Initiator Pharma A/S, a clinical-stage biotech company, today announced that the World Health Organization (WHO) has selected the International Nonproprietary Name (INN) pudafensine as the official generic name for the company's patented candidate drug IP2015, which is in clinical development in erectile dysfunction and neuropathic pain.
”We are pleased that our generic name application now is accepted and approved by the WHO. That we are now able to use the generic name for our drug candidate is a clear validation of the project and an important step on the way to a product.
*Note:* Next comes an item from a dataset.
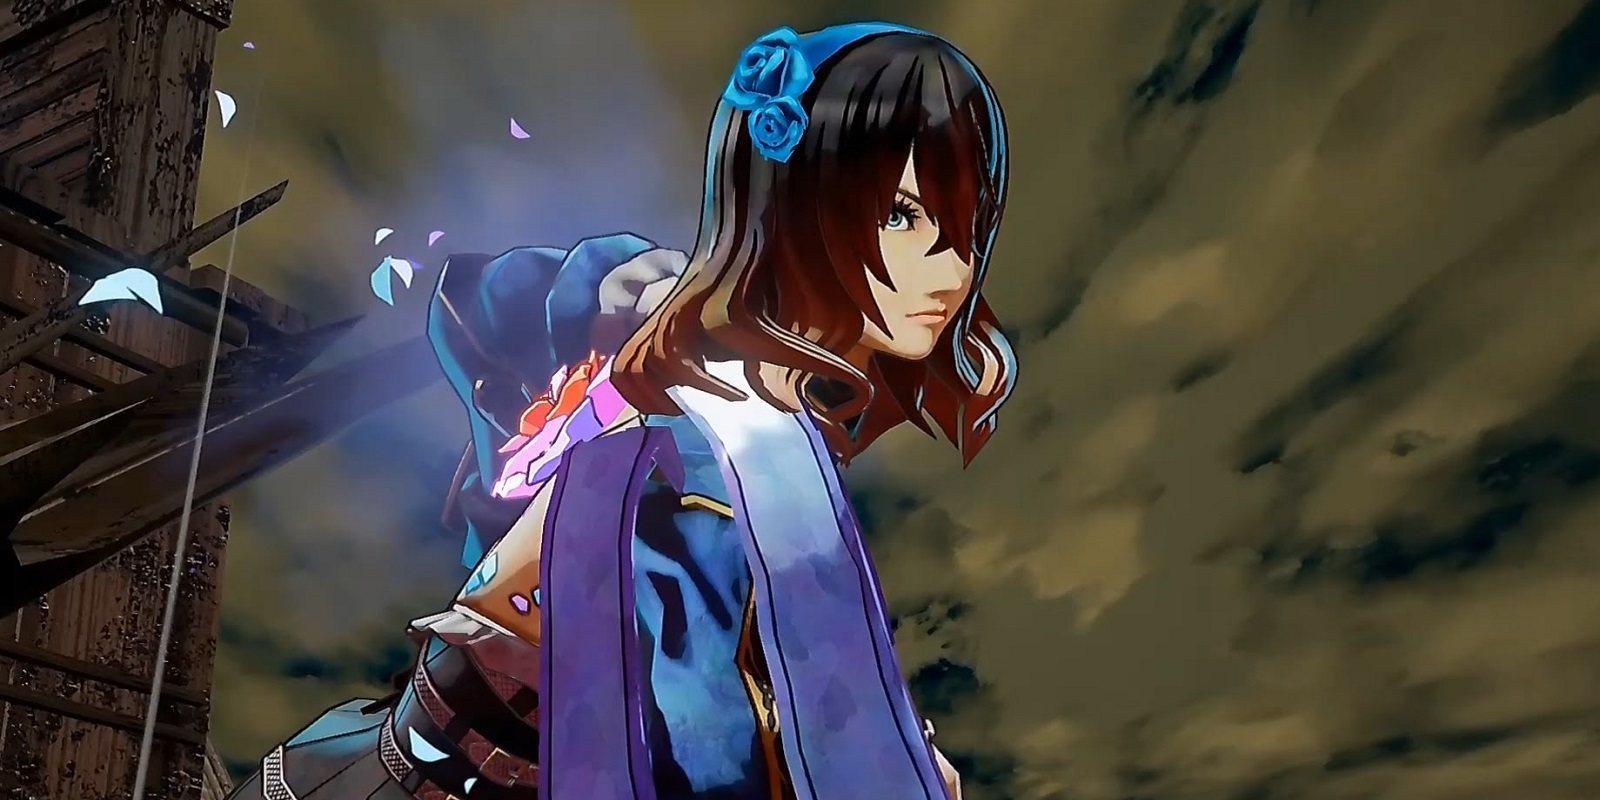 'Bloodstained: Ritual of the Night' se retrasa hasta 2019
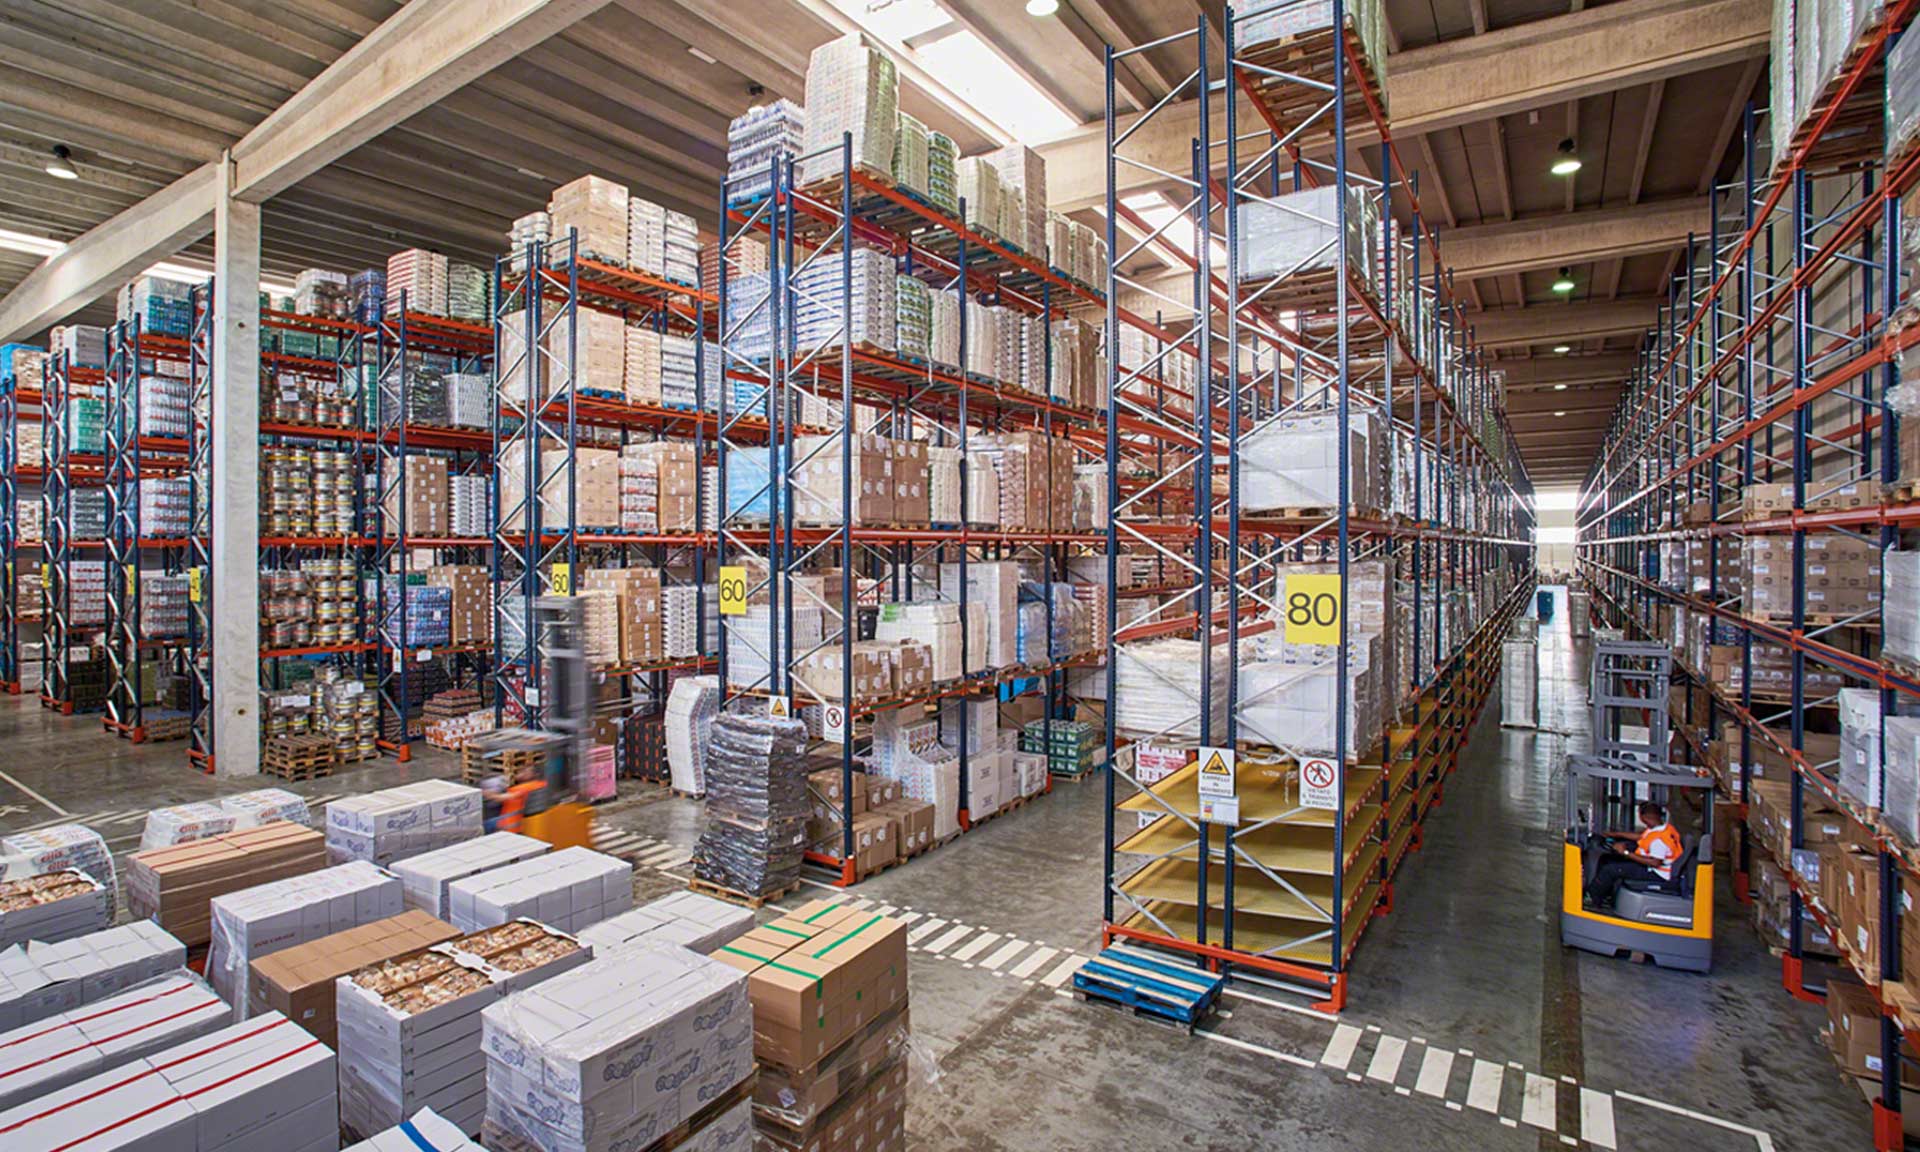 Warehouse storage techniques for efficient use of space

From now on, we will use pudafensine in all communication regarding the drug candidate,” says Claus Elsborg Olesen, CEO at Initiator Pharma.
Pudafensine (formerly IP2015 (7-[(Exo-8-azabicyclo[3.2.1]octan-3-yl)oxy]-3-methoxy-chromen-2-one)), Initiator Pharma's most advanced candidate drug, is in clinical development for both organic erectile dysfunction and neuropathic pain. Within the indication erectile dysfunction, a multi-center phase IIb study is currently being conducted together with MAC Clinical Research in 120 otherwise healthy organic Erectile dysfunction patients. Dosing of all patients in the phase IIb study is expected to be completed in the first half of 2023.
A recently developed solid dosage form of pudafensine is undergoing a Phase I pharmacokinetic study in healthy subjects, this will enable bridging of all previous data sets to all future clinical studies on pudafensine.